Exercise: Begin the copy at the line containing "Buy Boy With" in the data below and end it at the line containing "East Dover Vermont", keeping each line exact and leaving out pictures.

Records shown:
= = =
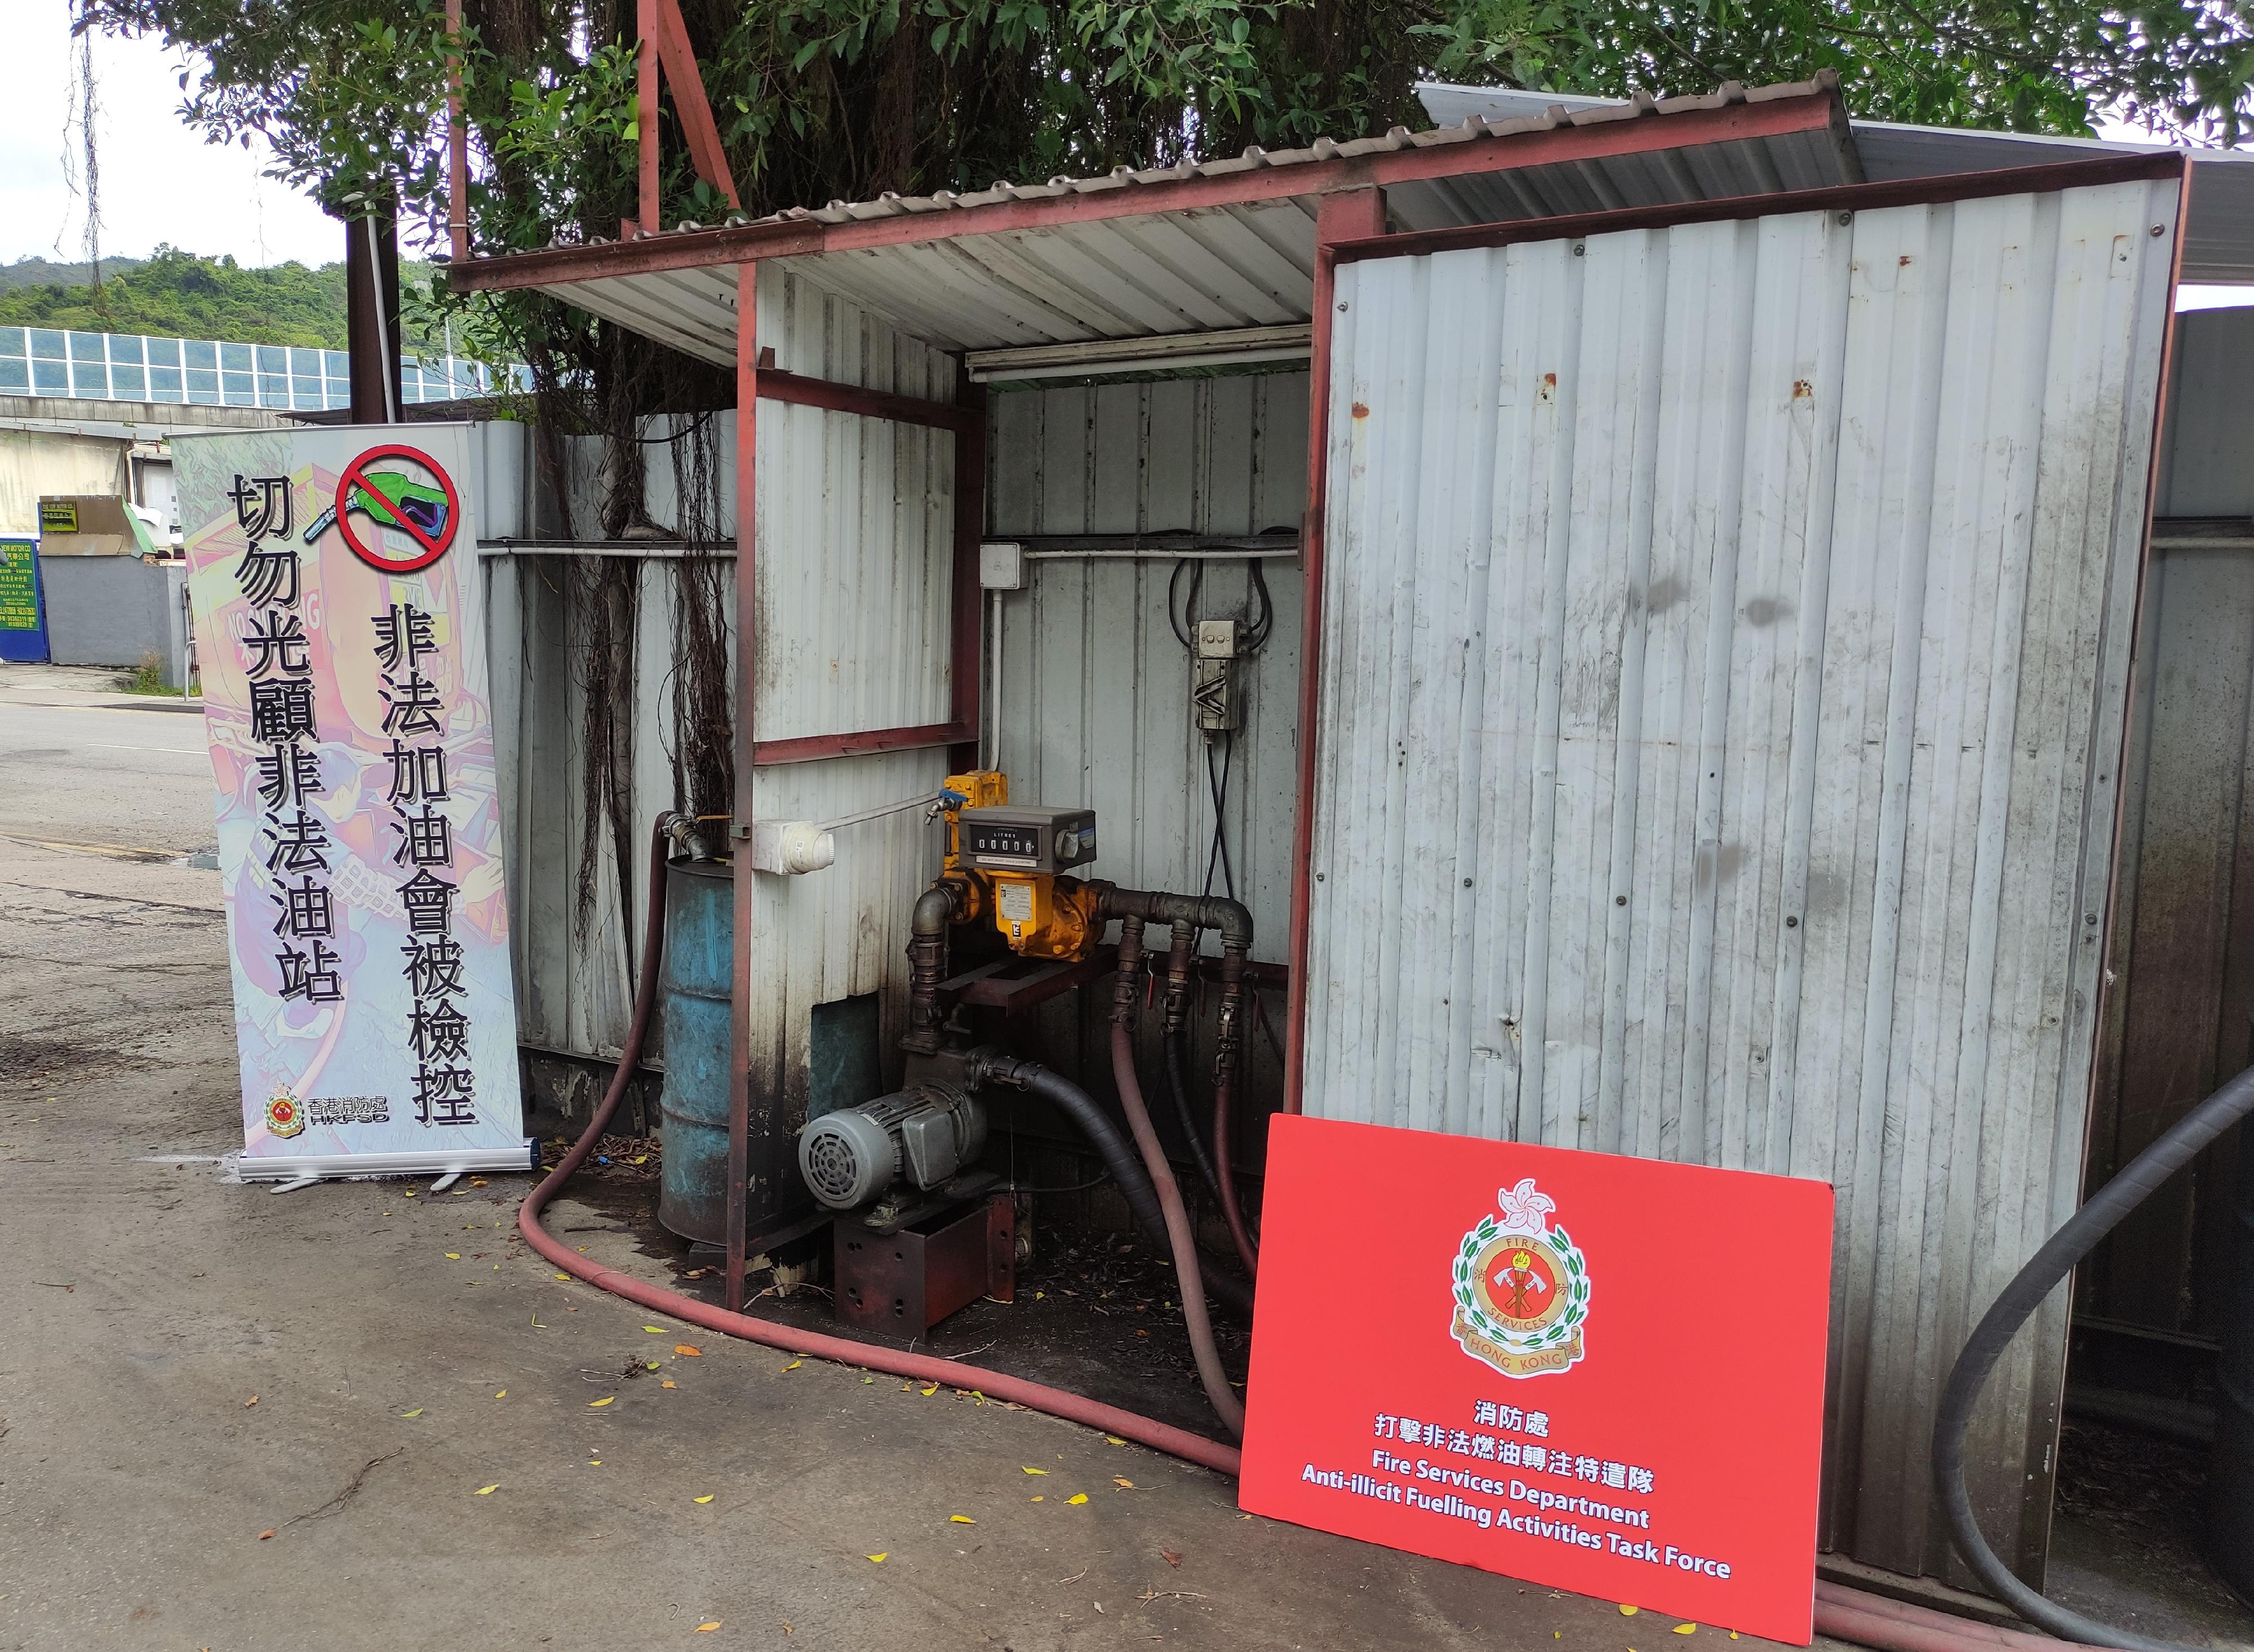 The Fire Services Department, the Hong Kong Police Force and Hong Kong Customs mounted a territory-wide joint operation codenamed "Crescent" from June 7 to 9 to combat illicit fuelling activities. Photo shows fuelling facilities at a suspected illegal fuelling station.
= = =
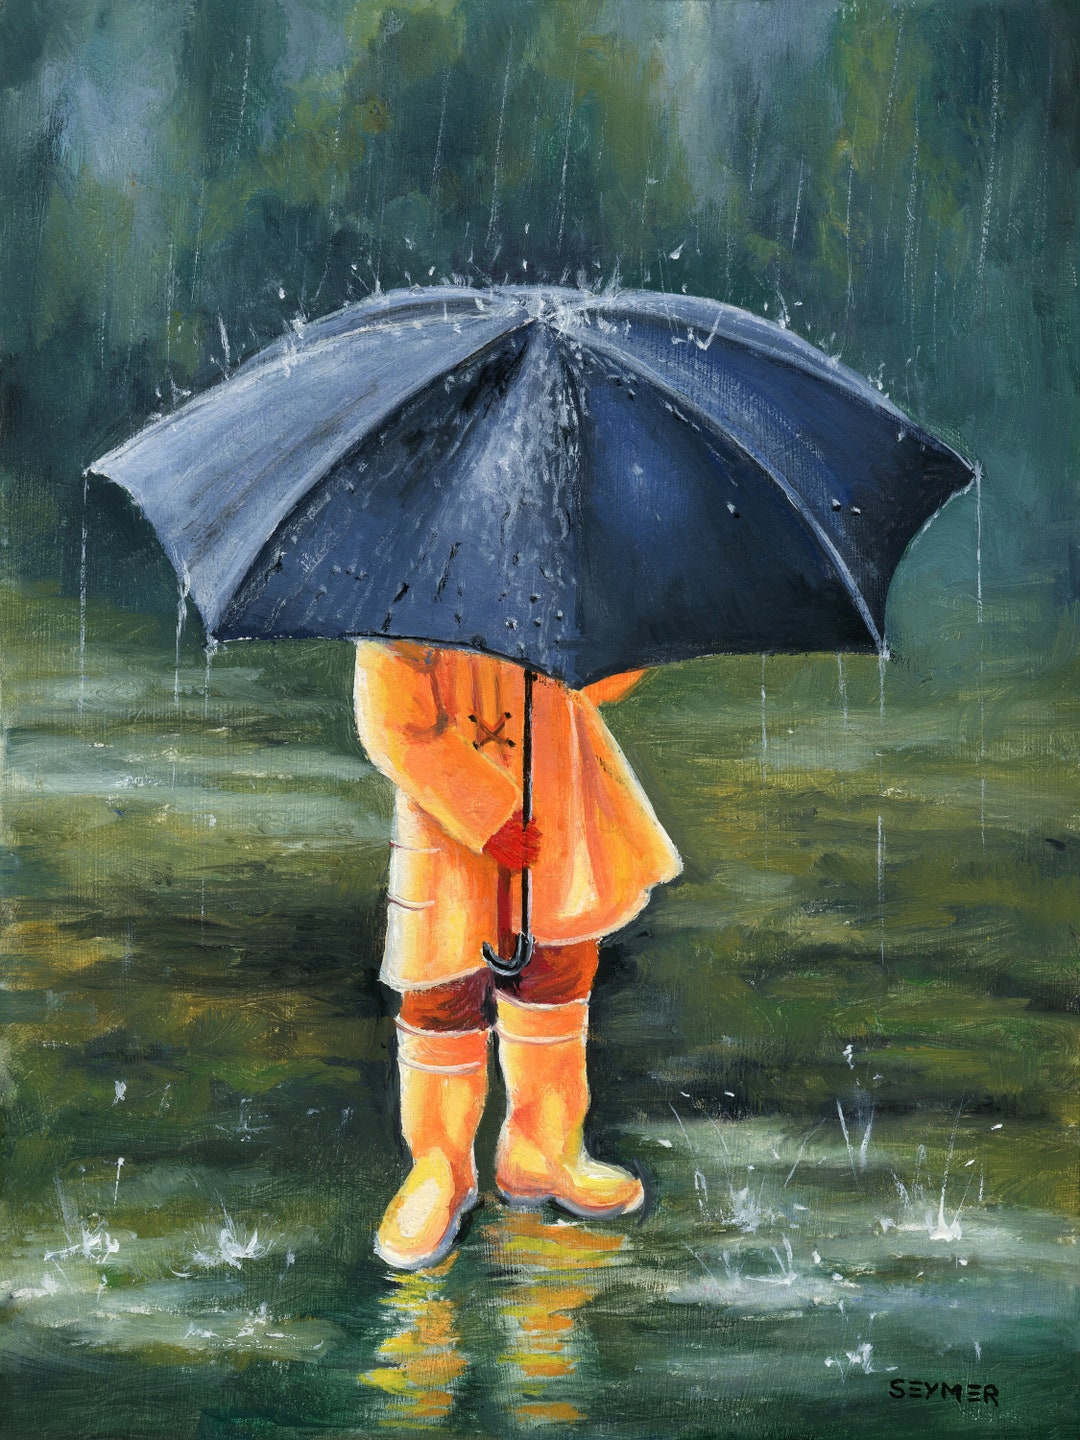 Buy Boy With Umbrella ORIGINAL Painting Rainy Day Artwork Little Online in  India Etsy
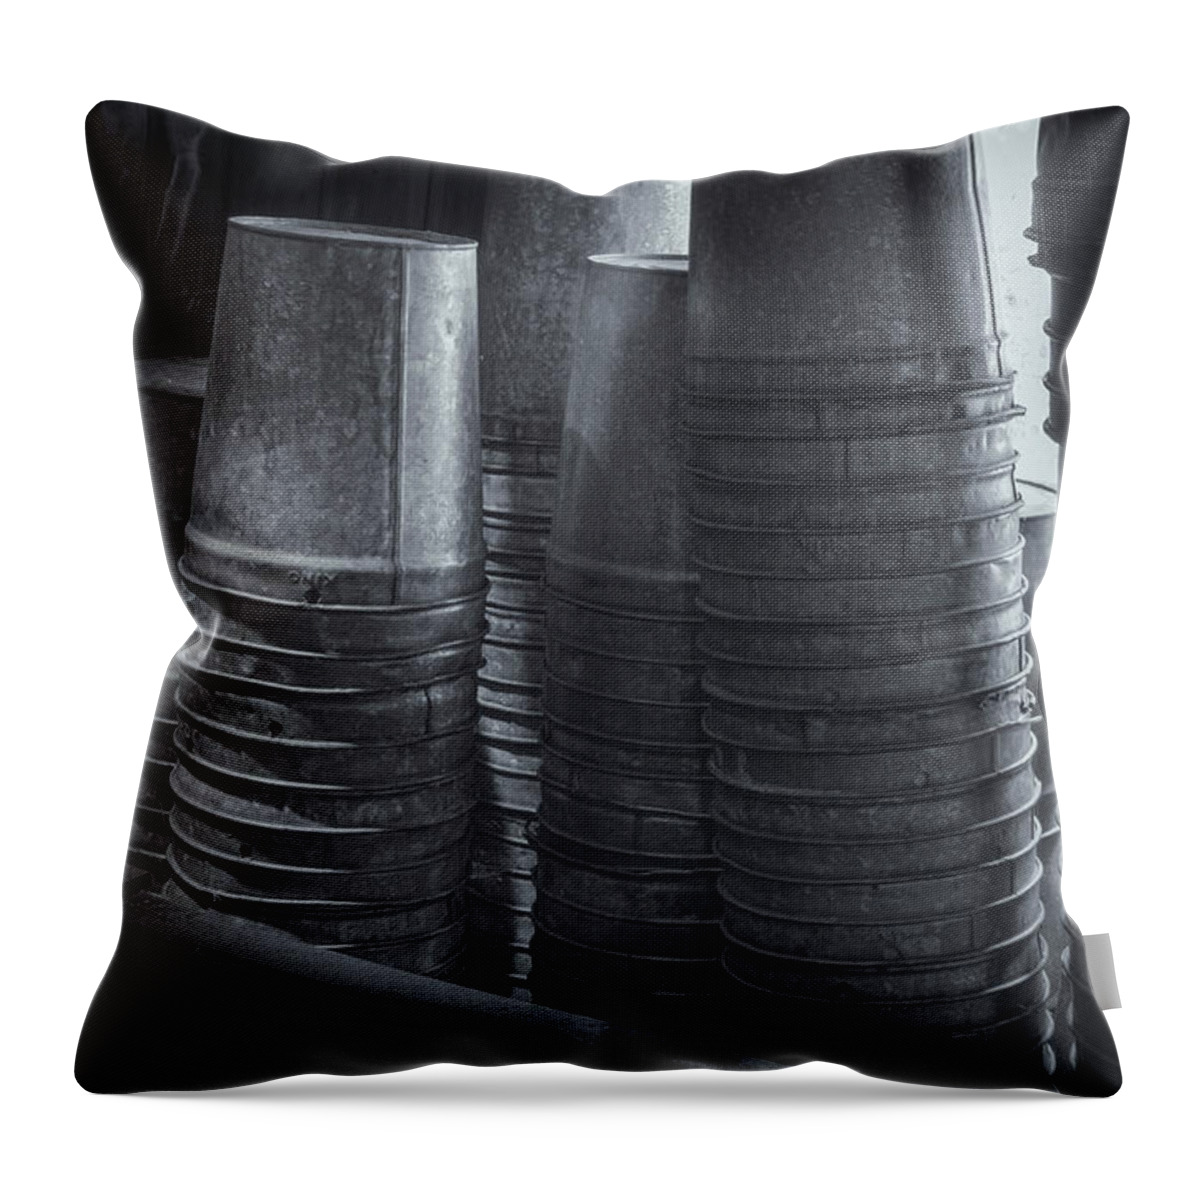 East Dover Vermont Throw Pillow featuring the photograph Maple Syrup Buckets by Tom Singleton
= = =
Result of the task:
 Buy Boy With Umbrella ORIGINAL Painting Rainy Day Artwork Little Online in  India Etsy
 East Dover Vermont Throw Pillow featuring the photograph Maple Syrup Buckets by Tom Singleton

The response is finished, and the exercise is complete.